Innocently, I looked up at him. He furrowed his eyebrows while scrutinizing me. "Why?" I stuttered.

"You keep whispering words. Are you sure you're okay?" he said, still confused.

I stared at him dumbfounded. "Whispering words? Me? Really?" I dumbly responded. Jungkook creased his forehead.

I didn't know that. Me? Whispering? Is this what I get for crying overnight? A side effect of secretly loving Jungkook? Am I a crazy person from a mental institute? Do I look like it?

"Tae..."

I'm too good and handsome to be a mental patient.

"Taehyung..."

Or maybe I'm just tired since I slept late and woke up early.

"Kim Taehyung..."

Or perhaps I'm just hungry? Jeez, I am really hungry, but seeing this bunny in a shirtless situation, I'm already full—

"Kim fucking Taehyung!" Jungkook shouted at the top of his lungs, startling me.
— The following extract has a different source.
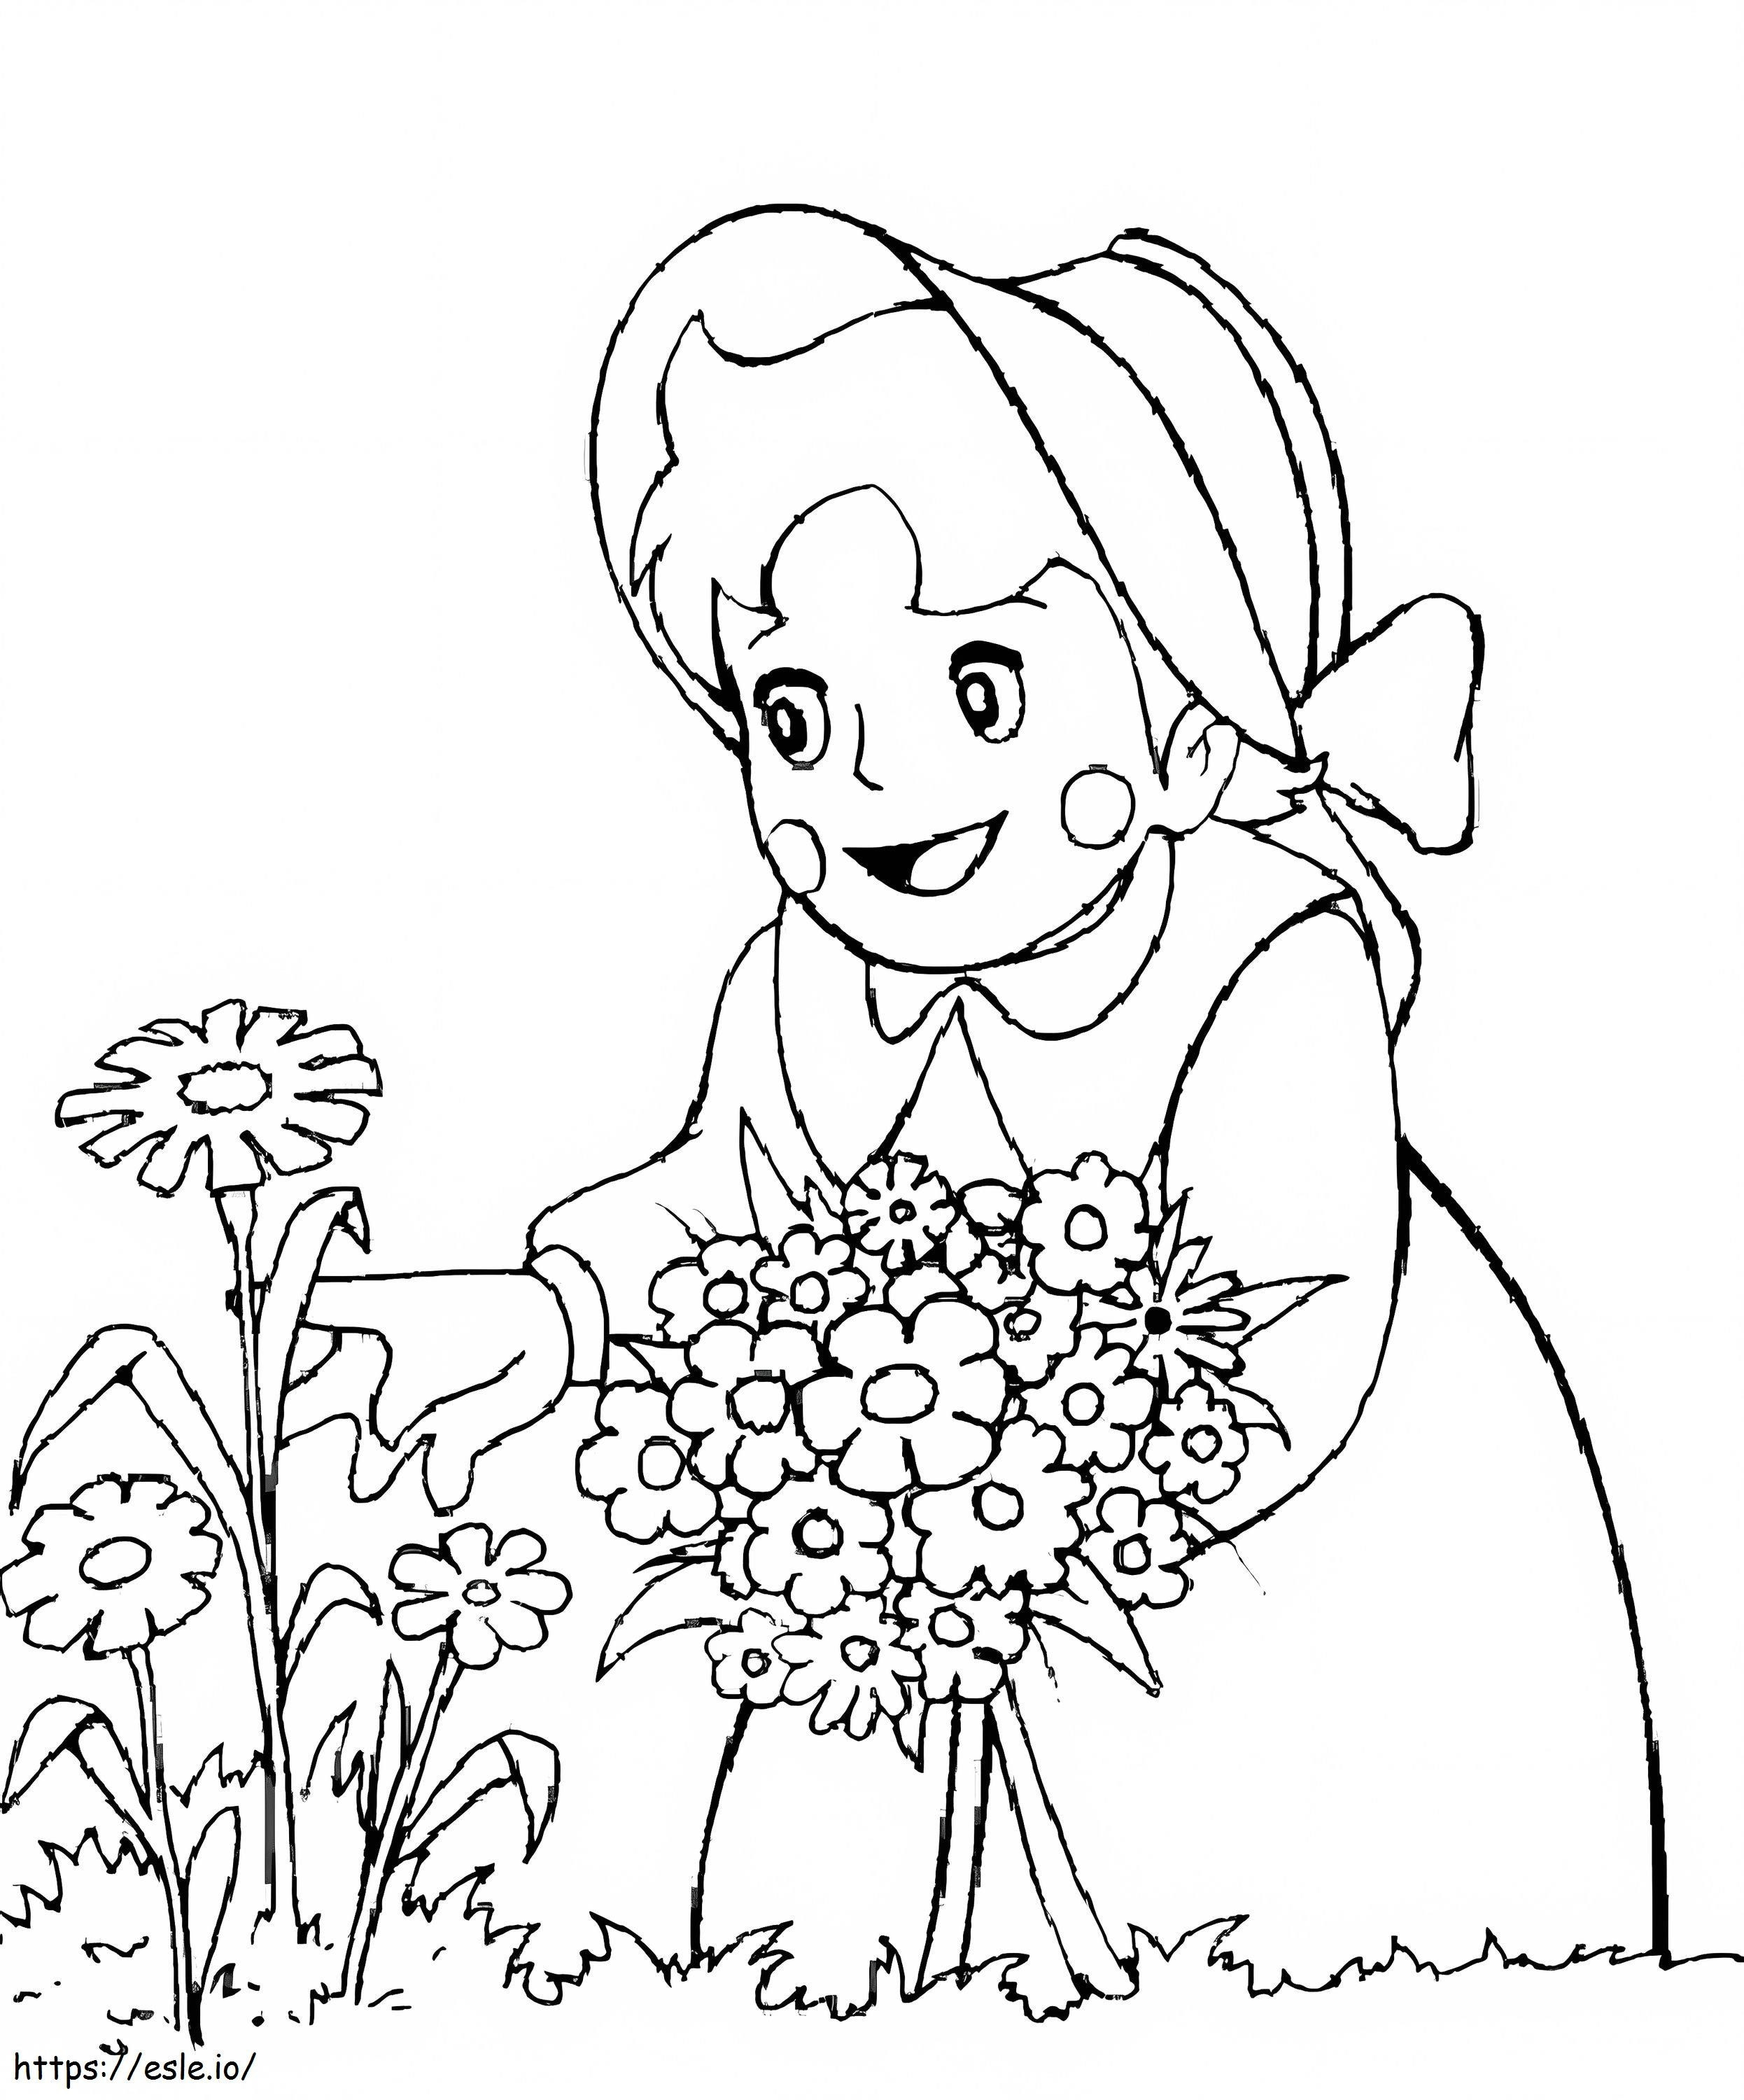 Heidi With Flowers coloring page

I gazed at him intently. "Why?" I inquired. His eyes met mine, and he sighed.

"I've been calling you so many times now," he stated, a touch of sulking in his tone. A smile played on my lips, hidden from his view as I chuckled softly.

He pouted and returned to arranging the dishes on the table. My laughter lingered quietly, appreciating the adorable spectacle before me.

In that moment, I wondered, Yoongi-hyung, Jiminie, how could I possibly resist such an irresistibly charming man like him?